Rosalloc thread local allocation path without a cas.

Speedup on N4:
MemAllocTest 3044 -> 2396 (~21% reduction)
BinaryTrees  4101 -> 2929 (~26% reduction)

Bug: 9986565
Change-Id: Ia1d1a37b9e001f903c3c056e8ec68fc8c623a78b
diff --git a/runtime/gc/space/space.h b/runtime/gc/space/space.h
index d24650b..f2378d9 100644
--- a/runtime/gc/space/space.h
+++ b/runtime/gc/space/space.h
@@ -203,14 +203,24 @@
   // succeeds, the output parameter bytes_allocated will be set to the
   // actually allocated bytes which is >= num_bytes.
   // Alloc can be called from multiple threads at the same time and must be thread-safe.
+  //
+  // bytes_tl_bulk_allocated - bytes allocated in bulk ahead of time for a thread local allocation,
+  // if applicable. It can be
+  // 1) equal to bytes_allocated if it's not a thread local allocation,
+  // 2) greater than bytes_allocated if it's a thread local
+  //    allocation that required a new buffer, or
+  // 3) zero if it's a thread local allocation in an existing
+  //    buffer.
+  // This is what is to be added to Heap::num_bytes_allocated_.
   virtual mirror::Object* Alloc(Thread* self, size_t num_bytes, size_t* bytes_allocated,
-                                size_t* usable_size) = 0;
+                                size_t* usable_size, size_t* bytes_tl_bulk_allocated) = 0;
 
   // Thread-unsafe allocation for when mutators are suspended, used by the semispace collector.
   virtual mirror::Object* AllocThreadUnsafe(Thread* self, size_t num_bytes, size_t* bytes_allocated,
-                                            size_t* usable_size)
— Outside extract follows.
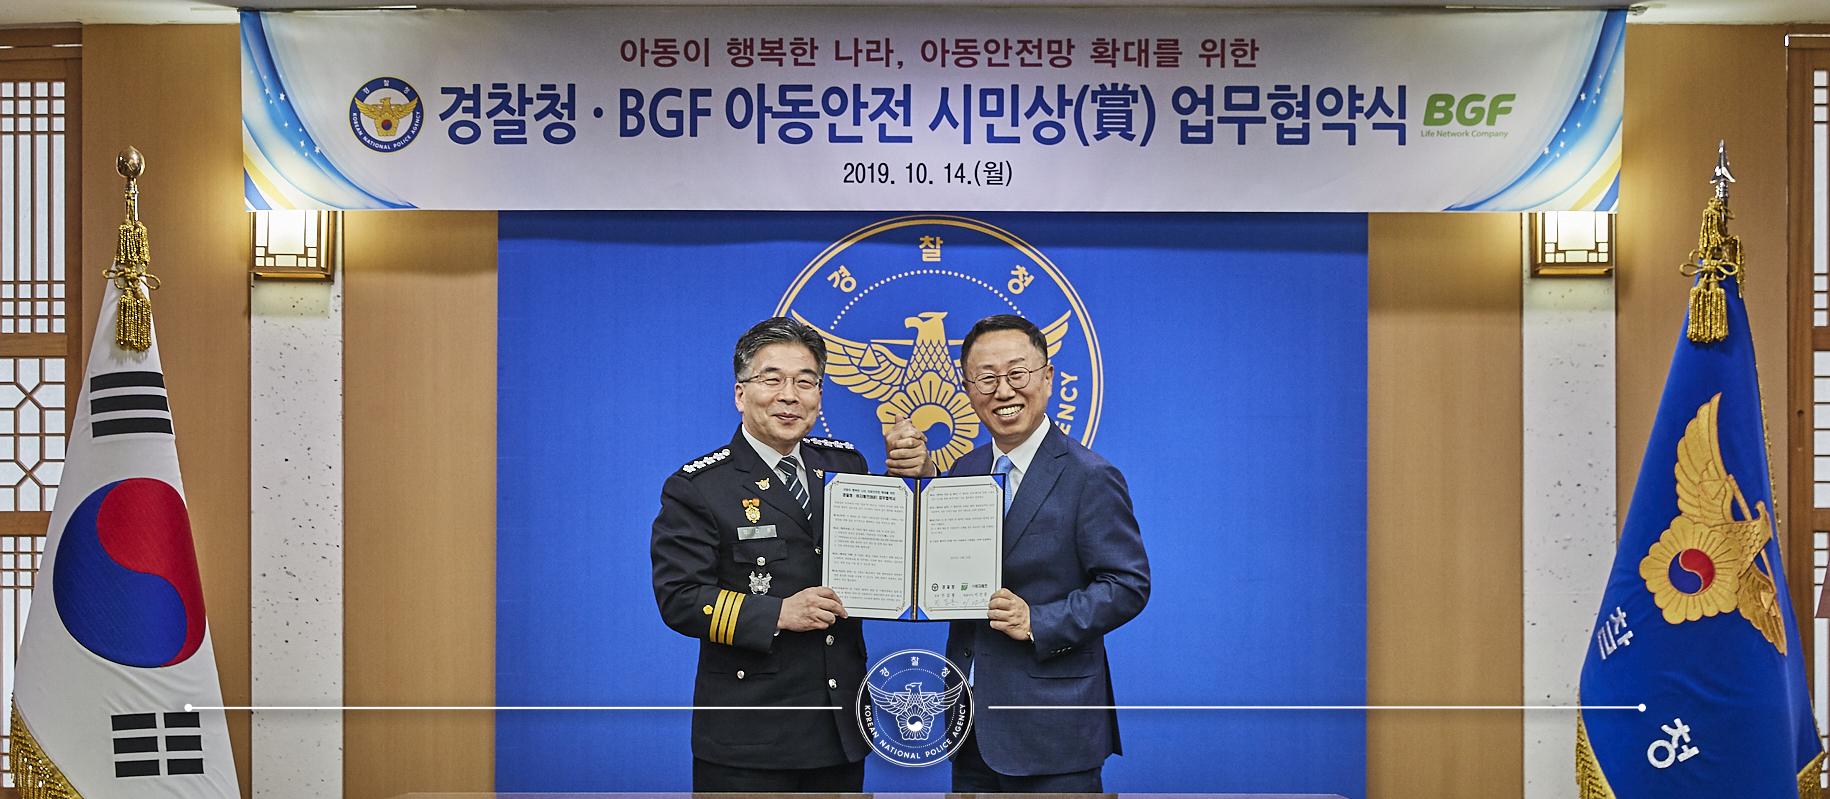 경찰청·BGF 간 아동안전 시민상 업무협약식 개최

+                                            size_t* usable_size,
+                                            size_t* bytes_tl_bulk_allocated)
       EXCLUSIVE_LOCKS_REQUIRED(Locks::mutator_lock_) {
-    return Alloc(self, num_bytes, bytes_allocated, usable_size);
+    return Alloc(self, num_bytes, bytes_allocated, usable_size, bytes_tl_bulk_allocated);
   }
 
   // Return the storage space required by obj.
@@ -224,11 +234,15 @@
 
   // Revoke any sort of thread-local buffers that are used to speed up allocations for the given
   // thread, if the alloc space implementation uses any.
-  virtual void RevokeThreadLocalBuffers(Thread* thread) = 0;
+  // Returns the total free bytes in the revoked thread local runs that's to be subtracted
+  // from Heap::num_bytes_allocated_ or zero if unnecessary.
+  virtual size_t RevokeThreadLocalBuffers(Thread* thread) = 0;
 
   // Revoke any sort of thread-local buffers that are used to speed up allocations for all the
   // threads, if the alloc space implementation uses any.
-  virtual void RevokeAllThreadLocalBuffers() = 0;
+  // Returns the total free bytes in the revoked thread local runs that's to be subtracted
+  // from Heap::num_bytes_allocated_ or zero if unnecessary.
+  virtual size_t RevokeAllThreadLocalBuffers() = 0;
 
   virtual void LogFragmentationAllocFailure(std::ostream& os, size_t failed_alloc_bytes) = 0;